> [Activity]: If a line in the entries contains the word "Gelbgold", list it.

> [Data to examine]:

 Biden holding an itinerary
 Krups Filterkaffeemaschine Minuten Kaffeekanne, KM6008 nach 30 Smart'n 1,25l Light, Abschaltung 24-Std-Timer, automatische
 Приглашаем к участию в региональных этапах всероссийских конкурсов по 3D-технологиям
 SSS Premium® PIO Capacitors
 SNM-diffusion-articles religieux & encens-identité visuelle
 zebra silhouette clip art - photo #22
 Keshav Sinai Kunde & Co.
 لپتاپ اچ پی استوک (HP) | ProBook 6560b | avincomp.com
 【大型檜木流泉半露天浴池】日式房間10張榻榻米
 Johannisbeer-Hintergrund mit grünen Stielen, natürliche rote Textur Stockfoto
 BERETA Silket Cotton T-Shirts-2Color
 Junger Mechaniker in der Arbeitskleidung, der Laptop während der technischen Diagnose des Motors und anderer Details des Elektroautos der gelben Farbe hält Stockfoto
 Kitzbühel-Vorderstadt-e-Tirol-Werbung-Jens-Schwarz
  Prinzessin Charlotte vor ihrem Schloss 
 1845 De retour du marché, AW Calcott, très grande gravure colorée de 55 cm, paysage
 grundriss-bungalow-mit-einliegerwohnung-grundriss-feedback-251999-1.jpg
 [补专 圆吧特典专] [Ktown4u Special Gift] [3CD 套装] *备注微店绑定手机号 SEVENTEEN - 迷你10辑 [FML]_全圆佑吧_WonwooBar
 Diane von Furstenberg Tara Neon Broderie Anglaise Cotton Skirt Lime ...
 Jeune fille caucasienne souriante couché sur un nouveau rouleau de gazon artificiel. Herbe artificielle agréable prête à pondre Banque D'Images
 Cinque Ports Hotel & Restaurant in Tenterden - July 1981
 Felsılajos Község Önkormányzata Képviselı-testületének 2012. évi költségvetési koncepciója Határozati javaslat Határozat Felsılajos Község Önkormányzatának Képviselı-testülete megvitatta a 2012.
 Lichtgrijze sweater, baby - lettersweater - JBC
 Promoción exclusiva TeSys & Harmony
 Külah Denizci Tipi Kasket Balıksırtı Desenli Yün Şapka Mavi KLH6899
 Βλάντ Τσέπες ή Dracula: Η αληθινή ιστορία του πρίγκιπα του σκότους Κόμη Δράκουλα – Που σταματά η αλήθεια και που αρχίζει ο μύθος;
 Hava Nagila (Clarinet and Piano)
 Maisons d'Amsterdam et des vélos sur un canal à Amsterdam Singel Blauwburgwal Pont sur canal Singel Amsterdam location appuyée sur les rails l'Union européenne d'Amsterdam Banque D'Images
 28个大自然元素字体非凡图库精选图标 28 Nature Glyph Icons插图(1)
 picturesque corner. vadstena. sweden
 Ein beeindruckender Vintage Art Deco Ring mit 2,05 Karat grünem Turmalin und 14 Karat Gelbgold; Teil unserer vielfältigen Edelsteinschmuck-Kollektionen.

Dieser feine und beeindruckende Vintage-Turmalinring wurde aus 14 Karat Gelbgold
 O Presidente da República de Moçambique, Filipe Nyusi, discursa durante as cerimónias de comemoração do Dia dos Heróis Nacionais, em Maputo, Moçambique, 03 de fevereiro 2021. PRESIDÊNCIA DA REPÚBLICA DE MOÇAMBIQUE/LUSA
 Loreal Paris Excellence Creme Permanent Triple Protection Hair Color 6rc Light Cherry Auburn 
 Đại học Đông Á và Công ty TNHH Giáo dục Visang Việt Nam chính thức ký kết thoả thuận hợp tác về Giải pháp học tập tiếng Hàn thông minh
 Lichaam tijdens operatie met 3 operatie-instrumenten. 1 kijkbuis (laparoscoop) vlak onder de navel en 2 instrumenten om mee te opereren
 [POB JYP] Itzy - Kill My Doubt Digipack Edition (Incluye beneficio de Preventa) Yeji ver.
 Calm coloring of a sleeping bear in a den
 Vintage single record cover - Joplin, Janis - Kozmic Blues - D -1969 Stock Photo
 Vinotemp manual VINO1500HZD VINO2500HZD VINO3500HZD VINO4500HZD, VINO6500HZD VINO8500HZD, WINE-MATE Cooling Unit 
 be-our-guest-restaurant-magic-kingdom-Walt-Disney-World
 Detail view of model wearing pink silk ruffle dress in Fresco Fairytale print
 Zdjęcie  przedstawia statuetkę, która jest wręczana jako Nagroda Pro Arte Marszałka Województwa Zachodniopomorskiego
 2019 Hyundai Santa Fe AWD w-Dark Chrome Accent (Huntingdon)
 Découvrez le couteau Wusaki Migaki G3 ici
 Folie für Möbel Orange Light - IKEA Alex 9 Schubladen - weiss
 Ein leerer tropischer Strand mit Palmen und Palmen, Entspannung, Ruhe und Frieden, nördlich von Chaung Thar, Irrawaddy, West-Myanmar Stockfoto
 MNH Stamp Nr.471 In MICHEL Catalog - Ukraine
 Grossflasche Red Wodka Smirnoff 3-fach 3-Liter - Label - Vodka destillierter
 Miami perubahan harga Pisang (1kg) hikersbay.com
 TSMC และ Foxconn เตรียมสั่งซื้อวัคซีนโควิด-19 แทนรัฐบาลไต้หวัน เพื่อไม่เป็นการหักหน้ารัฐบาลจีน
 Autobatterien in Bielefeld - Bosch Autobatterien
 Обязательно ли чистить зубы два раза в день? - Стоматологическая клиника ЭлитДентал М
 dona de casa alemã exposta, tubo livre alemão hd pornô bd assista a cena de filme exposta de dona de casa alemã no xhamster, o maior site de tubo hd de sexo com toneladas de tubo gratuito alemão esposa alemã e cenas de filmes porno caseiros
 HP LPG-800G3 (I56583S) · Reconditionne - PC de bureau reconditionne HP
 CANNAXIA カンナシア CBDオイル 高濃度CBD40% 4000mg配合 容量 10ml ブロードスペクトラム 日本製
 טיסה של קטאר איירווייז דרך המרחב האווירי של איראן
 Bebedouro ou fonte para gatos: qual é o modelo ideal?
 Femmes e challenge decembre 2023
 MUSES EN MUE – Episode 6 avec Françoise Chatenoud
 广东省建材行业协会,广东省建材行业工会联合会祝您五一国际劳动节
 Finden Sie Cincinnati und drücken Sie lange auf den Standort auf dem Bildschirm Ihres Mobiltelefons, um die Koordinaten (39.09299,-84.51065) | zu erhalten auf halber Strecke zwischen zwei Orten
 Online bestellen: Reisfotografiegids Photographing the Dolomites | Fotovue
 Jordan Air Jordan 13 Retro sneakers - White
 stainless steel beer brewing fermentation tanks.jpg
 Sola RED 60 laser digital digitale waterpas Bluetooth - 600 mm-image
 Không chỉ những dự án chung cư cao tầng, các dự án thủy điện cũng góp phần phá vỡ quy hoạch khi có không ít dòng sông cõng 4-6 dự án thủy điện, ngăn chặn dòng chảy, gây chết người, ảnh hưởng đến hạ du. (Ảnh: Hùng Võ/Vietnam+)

> [The completed task]:
 Ein beeindruckender Vintage Art Deco Ring mit 2,05 Karat grünem Turmalin und 14 Karat Gelbgold; Teil unserer vielfältigen Edelsteinschmuck-Kollektionen.
Dieser feine und beeindruckende Vintage-Turmalinring wurde aus 14 Karat Gelbgold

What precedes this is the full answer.